Booklist

We Swam The Grand Canyon by Bill Beers - an amazing, humorous, horrifying and funny story about two guys who think they can and should swim the Grand Canyon.

River (One Man's Journey Down The Colorado, Source to Sea) by Colin Fletcher - Colin Fletcher wrote a book I read as a child called The Man Who Walked Through Time about his hike through the entire Grand Canyon (top to bottom) which included naked hiking and food drops from airplanes.  At the age of 70 or so - he's back.  This time hiking and floating the entire Green and Colorado River - which includes Cataract and the Grand Canyon.  He's kind of a curmudgeon.

Riverman - The Story of Bus Hatch by Roy Webb -  - Bus Hatch is a character.  This book is full of funny little stories about Bus' introduction to river running (he was a cousin of the sheriff of Vernal, Utah. The sheriff had Parley Galloway (the son of Nathaniel Galloway) under arrest for poaching beaver, and Parley promised to teach the sheriff and Bus river running if they let him out, they did and he vanished), his early years, and his inability to take to Mormonism, his contracting business and his part in saving Dinosaur National Monument from damming at the hands of the Bureau of Reclamation.

The Doing of the Thing - The Brief Brilliant Whitewater Career of Buzz Holmstrom by Welch, Conley, and Dimock - Buzz was brought up in the logging camps of Oregon.  Surrounded by nature and streams, he grew to know and love the land and the rivers that crossed it.  He hand built boats to make many of the first descents of western rivers.  Perhaps his greatest feat was rowing from Green River, Wyoming, down the Green River, through the confluences of the Yampa and Colorado Rivers, all the way to the dam at the just filling Lake Mead. He learns along the way that women have a place on the river.  The thing that impressed me most about Buzz was his incredible humility in the face of his awesome accomplishments.  The ending of the story is a bit of a bummer though - as Buzz's life is ended either by suicide or murder.

Dominguez-Escalante Journal - This is the history of a group of Spanish Missionaries who are to find a route from Santa Fe, New Mexico to Monterey, California in the 1540s.  They suffer.  They eat horses.  They convert some Native Americans but not the Hopi.  They give up as winter is fast approaching and they go home.

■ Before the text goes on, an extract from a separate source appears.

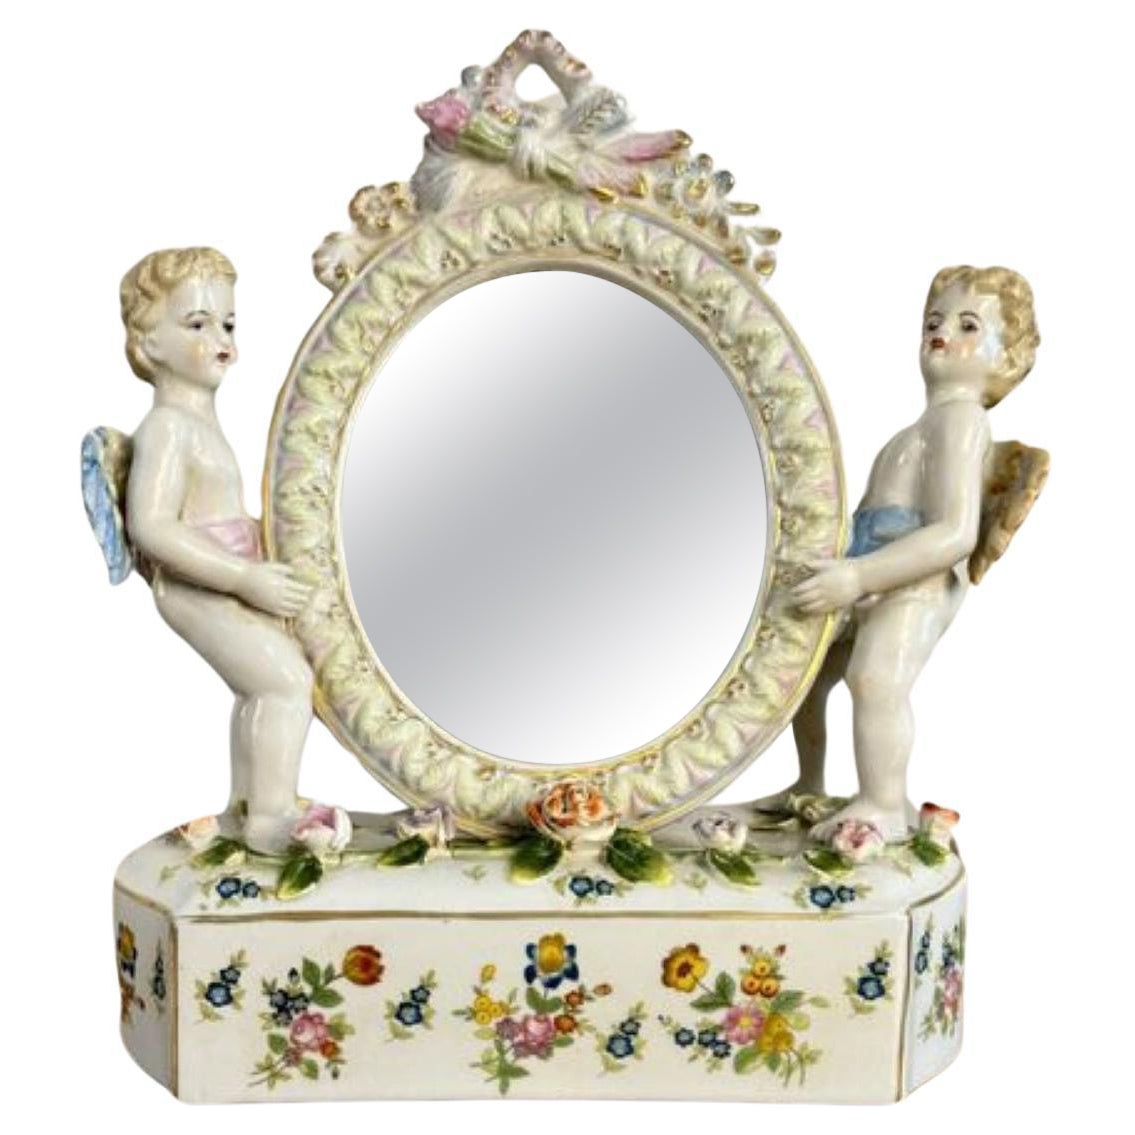 Porcelain Table Mirrors

Adventures in the Unknown Interior of America by Alvar Nunez Cabeza de Vaca - The journal is written by Alvar Nunez Cabeza de Vaca.  He landed in Florida (around Tampa Bay) and, after blunders by his superiors, suffers years of wandering along the Gulf of Mexico all the way to the Galveston area.  He ends up being a slave for a while and kind of a shaman.  Amazing story with many interesting revelations about tribes that no longer exist and with the first treatment or understanding of Native Americans as human beings.

Shackleton's Boat Journey by F. A. Worsley - Sir Ernest Shackleton was an Antarctic explorer who attempted three trips to the South Pole.  The first with Robert Falcon Scott that was turned back before reaching the pole.  The second with Sir Ernest (or the Boss as he was known by his men) leading the expedition which came up a mere 97 miles short of the pole.  The pole was achieved by Roald Amundsen (from Norway).  Shackleton then attempts the last remaining Antarctic first - a continental crossing.  He and his team fail to even reach land as pack ice surrounds their ship and eventually crushes it, leaving the men three small boats with which to reach civilization.  F. A. Worsley was the captain of the Endurance (the expedition's ship).  A tale of bravery, suffering and ultimately triumph.